What the tunnels and underground complexes mean for a raid

The tunnel network and larger underground spaces on Blue Gate create clear shifts in tempo. Interior paths reduce sightlines and funnel movement, while exits can dump you back into wide, visible ground. The result is a loop of compression and release:

  • Interiors: predictable routes, more corners, stacked vertical corridors.
  • Exteriors: long sightlines, exposure to multiple angles, more weather impact.

Expect to alternate between those states frequently as you traverse from town clusters into the mountainside and back under it. Routes that dive into the tunnels can help you avoid attention topside; the tradeoff is fewer escape options once committed.

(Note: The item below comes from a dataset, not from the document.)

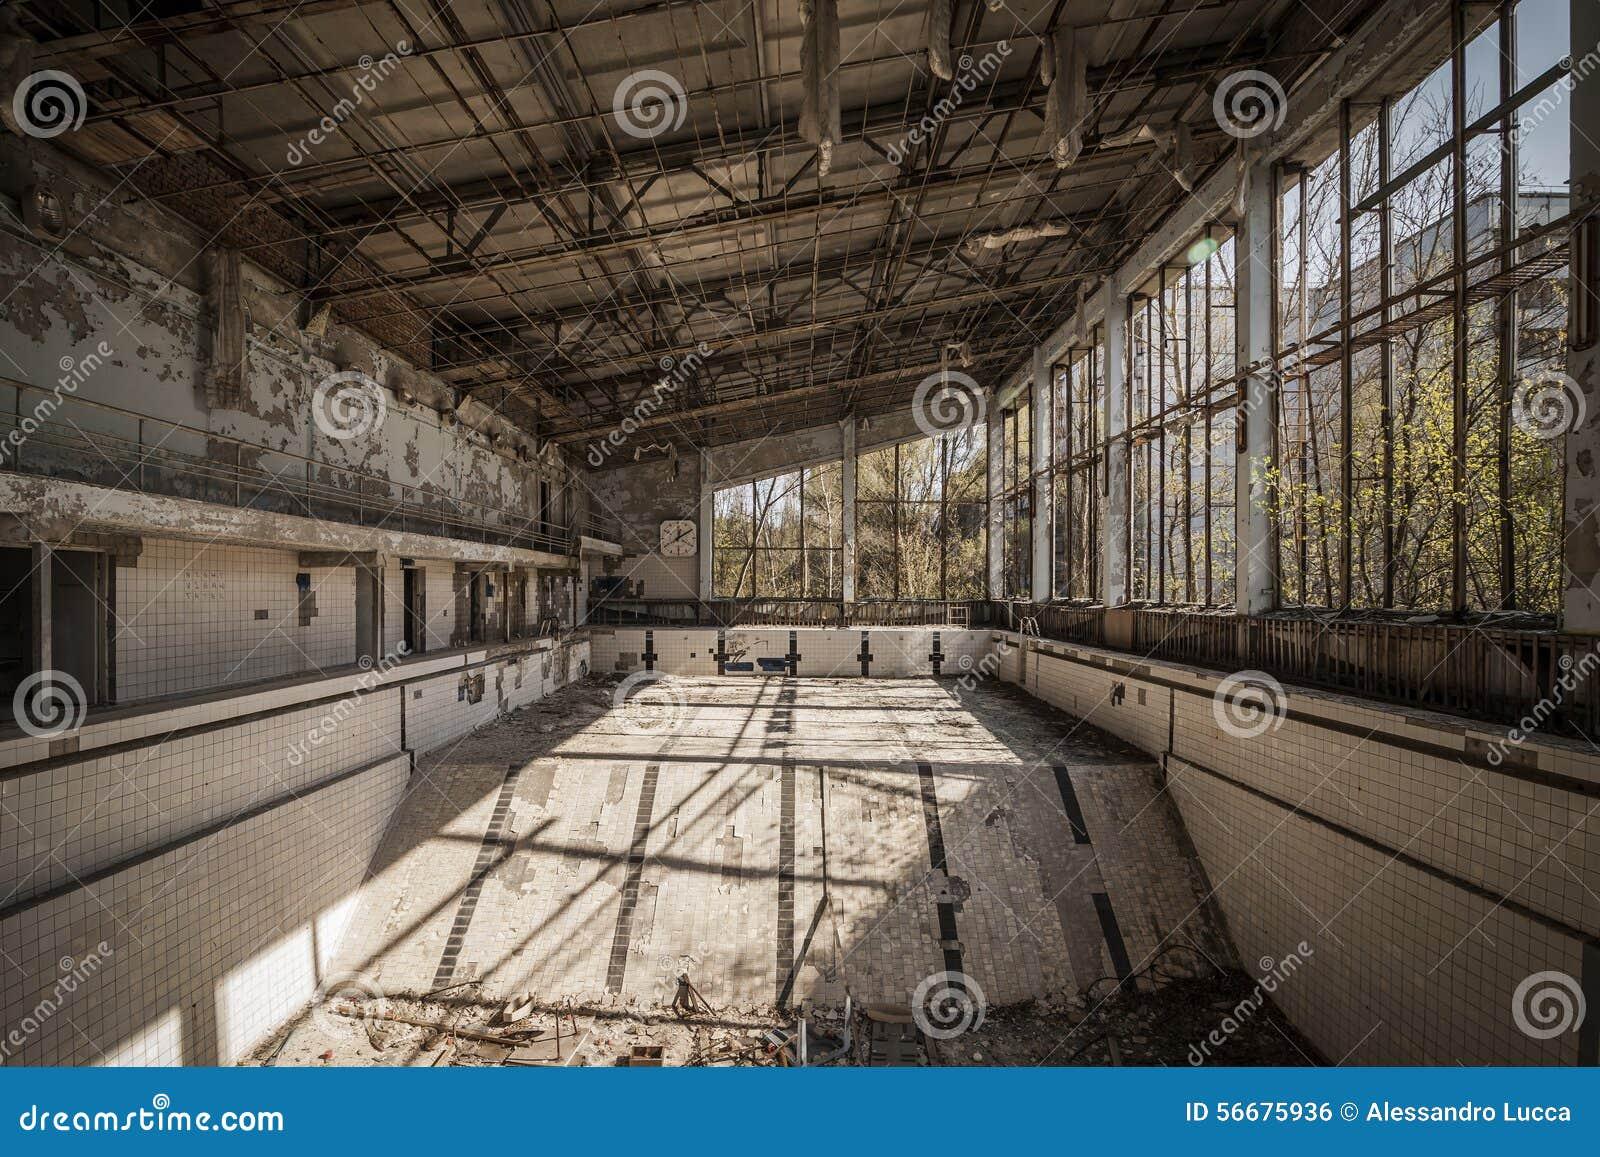 Chernobyl Abandoned Swimming Pool In Pripyat Stock Photo Image Of Broken Abandoned 56675936

Conditions and time of day

Like the rest of the Rust Belt, Blue Gate runs under varying weather and different times of day. Special conditions can also roll on a given session, changing both the moment-to-moment gameplay and the rewards on offer. Those modifiers can push you to rethink pathing through the tunnels versus crossing open ridgelines, and they can affect how long you linger around a hotspot before moving on.


Solo vs. squad on Blue Gate

Both approaches are viable across all locations. Going solo on Blue Gate gives you more freedom to thread smaller interior routes quietly; squads of up to three can share risk and carry more, but make more noise and are easier to spot in open mountain areas. Matchmaking prioritizes pairing similar team sizes, so the threats you face should roughly mirror your group structure.


What’s known (and not) about Stella Montis

Stella Montis is teased as a separate destination with details intentionally left unclear. The name shows up alongside Blue Gate in selection screens and pre-launch materials, but what it is and how you reach it is still undisclosed. Treat it as a future thread to pull once the community uncovers more.


Key takeaways for Blue Gate runs

  • Plan routes that use both layers. Tunnels can break line of sight; open mountain paths get you there faster but with more exposure.
  • Expect frequent transitions. Town blocks, valley crossings, and subterranean segments are tightly interleaved.
  • Watch the session conditions. Weather, time of day, and special modifiers change risk and payout, which can steer you underground or back into the open.
  • Pick a team size that matches your comfort with interior chokepoints versus open-area engagements; both are baked into Blue Gate’s layout.

Blue Gate’s promise is variety on a single map: the open, the dense, and the hidden. If you’re heading there for the first time, expect a lot of pivots—between light and dark, weather swings, and the constant choice of whether to drop into the tunnels or sprint across the ridge.